A U of S field trial in 2015 and 2016 compared IDC sensitive and IDC tolerant soybean variety responses to Fe fertilization. The soil was slightly saline with high nitrates and a high pH on the lower slope of the field. In 2015, the weather was very dry, and there was no response to Fe fertilization. The weather was wetter in 2016, and the IDC sensitive variety responded significantly to foliar Fe, but the IDC tolerant variety did not.

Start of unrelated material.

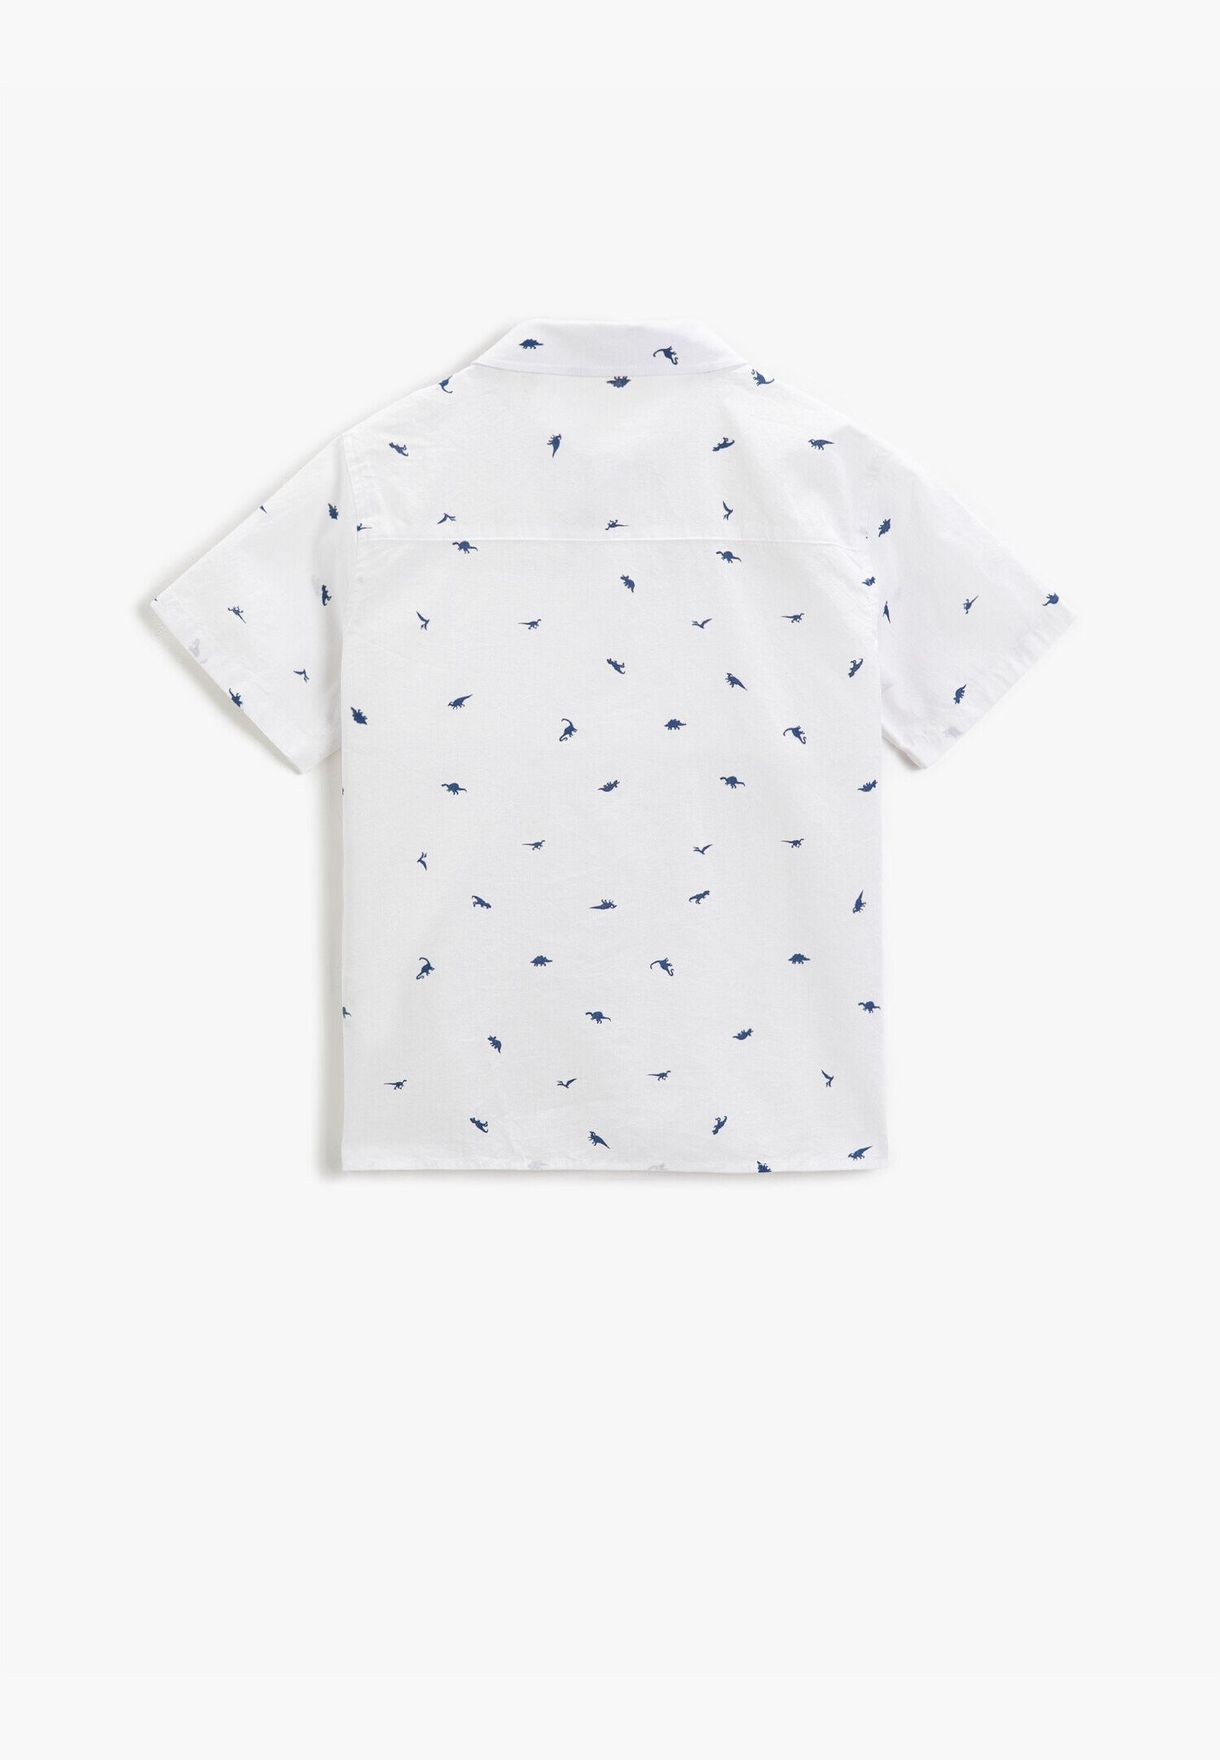 Animal Printed Short Sleeve Shirt Oversize Cotton
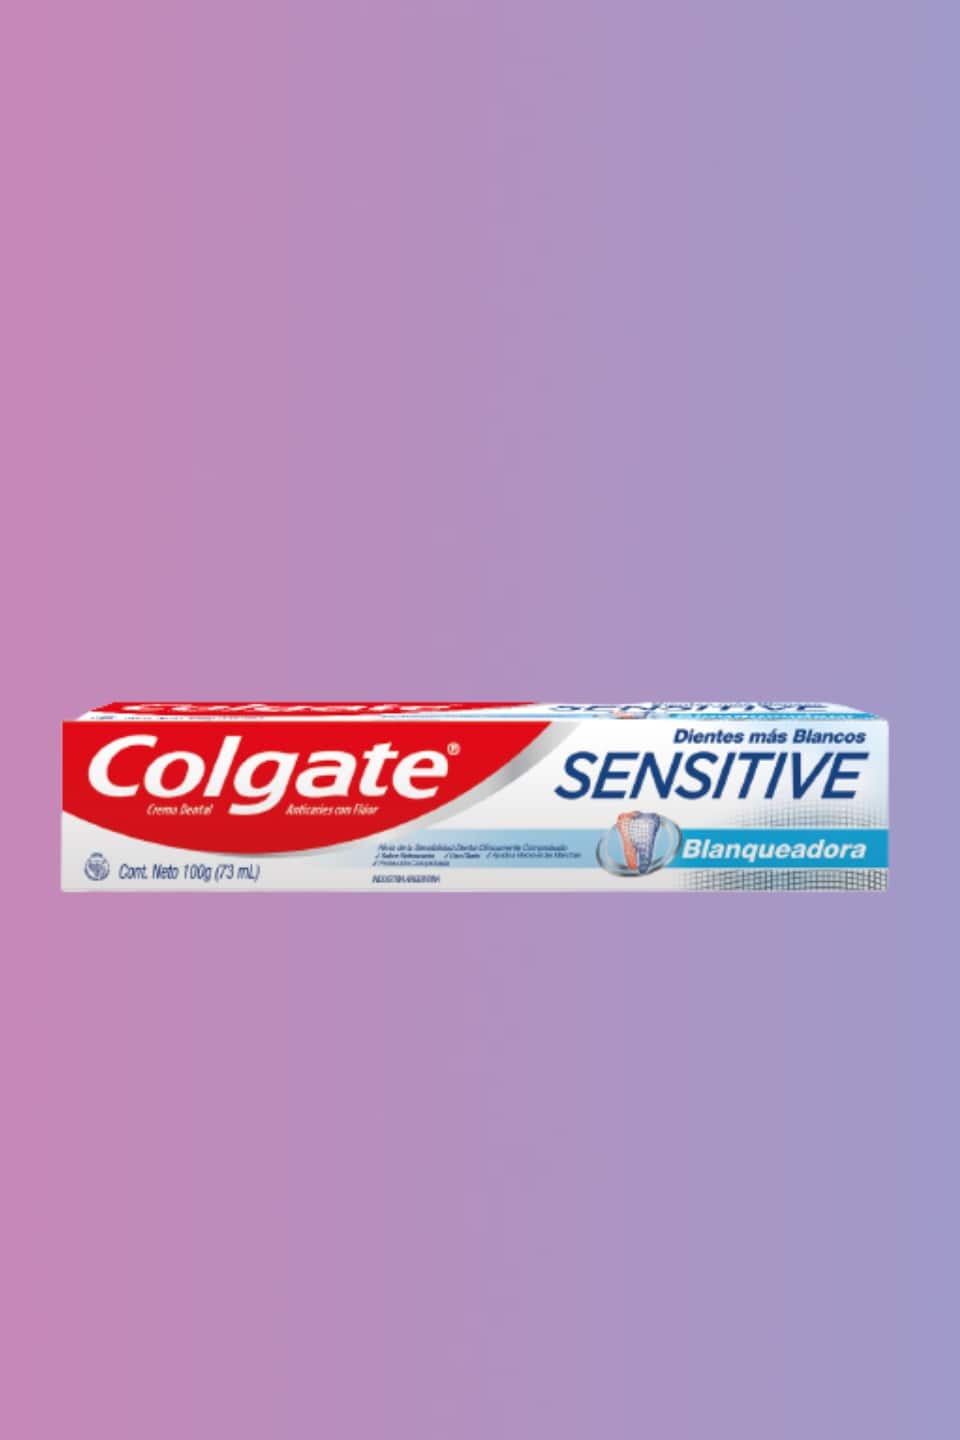 Colgate Sensitive

“Genetics are the best defense when IDC is a concern,” says Schoenau. “Foliar Fe may be suitable as a rescue treatment.”

Chloride
Cereals can respond to Cl fertilization on highly leached soils with low extractable Cl. The response may be related to disease pressure, although the responses are variable. A U of S study in the late 1990s found an application of 40 lb./ac. (45 kg/ha) of KCl (potassium chloride) increased wheat yield in a highly leached depression in a wet year, but no response in the following dry year.

“The more widespread use of potash in recent years has likely reduced the incidence of Cl as a crop limitation,” says Schoenau. “And nearly all Cl remains in the straw and is recycled back into the soil.”

Schoenau says that micronutrients, in general, become more important when farmers are aiming for the top of the yield curve. Their use as a fertilizer should be considered when backed up by soil and plant evidence of deficiency in the short term, and a single application to the soil may provide benefit over a number of years in the rotational cycle.

“The patchy and variable nature of micronutrient deficiencies makes them an obvious target for precision fertilization,” says Schoenau.